In the Dickens text I noted when hovering over words that some are tagged as “American English” (marbles, door-knob) and one is tagged as “United States” (fire-cracker). What’s the distinction?

Not read all the comments, but for me, the most interesting use is to use track whether and how the extent of etymological diversity shows a correlation to educational level and social backgrund. Do the ‘New York Times’ and ‘The Guardian’ show larger levels of Latinate (French/Latin) to Germanic (Saxon/Norse) than say ‘The Sun’ and ‘National Enquirer’.

And if so, does that indicate that Norman/Anglo-saxon social strata distinctions since the Norman conquest haven’t blurred to the degree we might think.

The differences in the shades of orange aren’t really noticeable on my monitor. How about purple?

Very interesting, I wonder though if two things are going on here. In teaching dyslexics it has been found that different colored overlays or paper can make the reading easier so for a proper test of readability we may need to swap colors around.
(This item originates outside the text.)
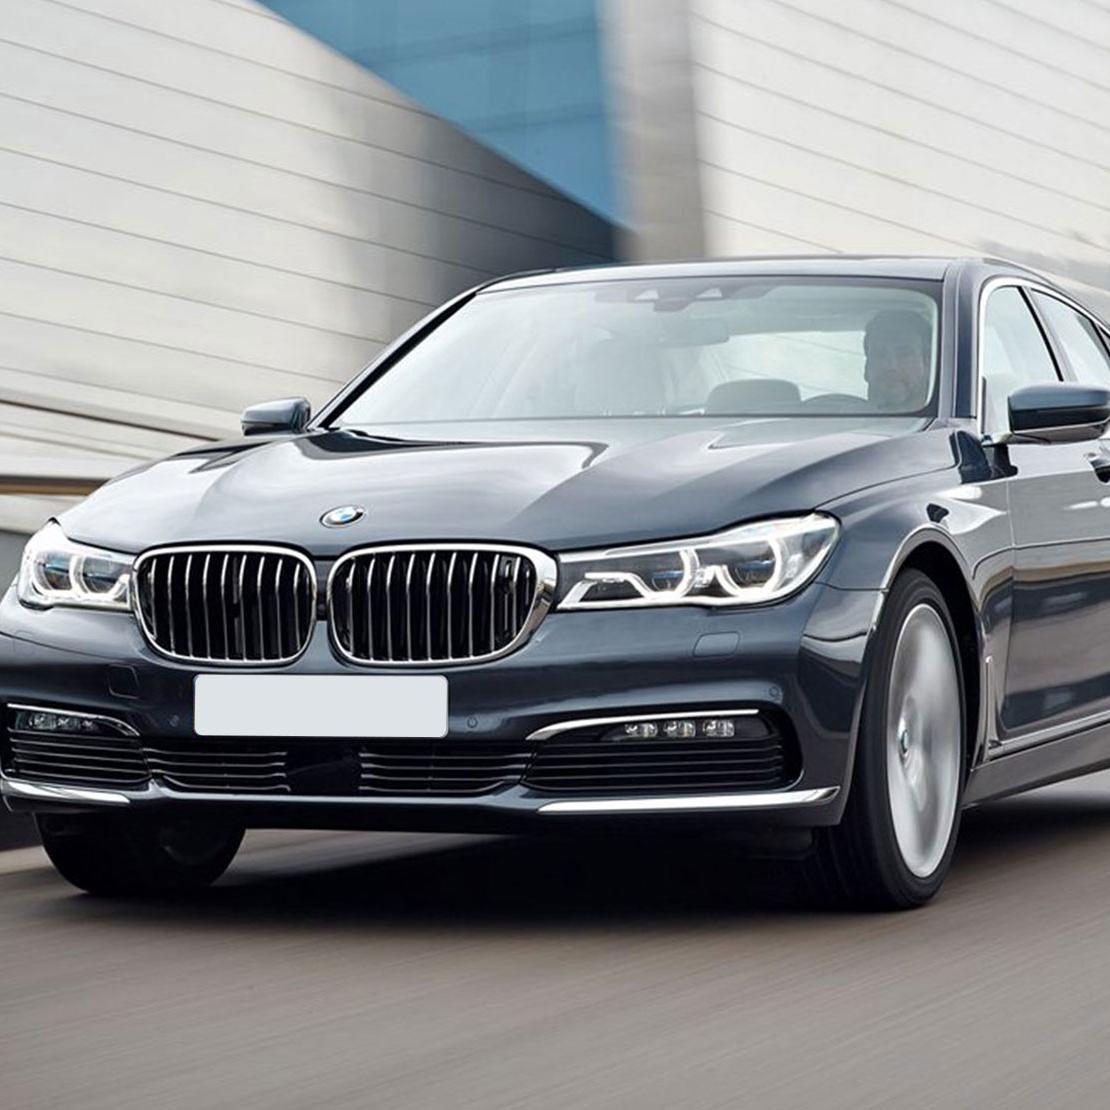 KESTAUTO – specializuotas BMW autoservisas Vilniuje. BMW servisas, remontas, kompiuterinė diagnostika, dalys.

However perhaps there is also a connection here with writing in Plain English which seems to show some connection with old English. see What do others think.

There was a “language purism” movement in the nineteenth century touting “Anglo-Saxon” words as somehow more masculine and almost racially superior to decadent and effeminate French and Latin. Actually, this probably goes back to polemics about translations of the Douay–Rheims Bible bible (Catholic, 1582), which was deliberately, reactively Latinate. In short, there are both positive and negative aspects to all this. I for one, regret the obliteration of Latin. A book by Kenneth Haynes, “English Literature and Ancient Languages (Oxford, 2003) reminds us that quite a bit of “English” literature was written in Latin — Milton and so on — and has now become quite lost to us.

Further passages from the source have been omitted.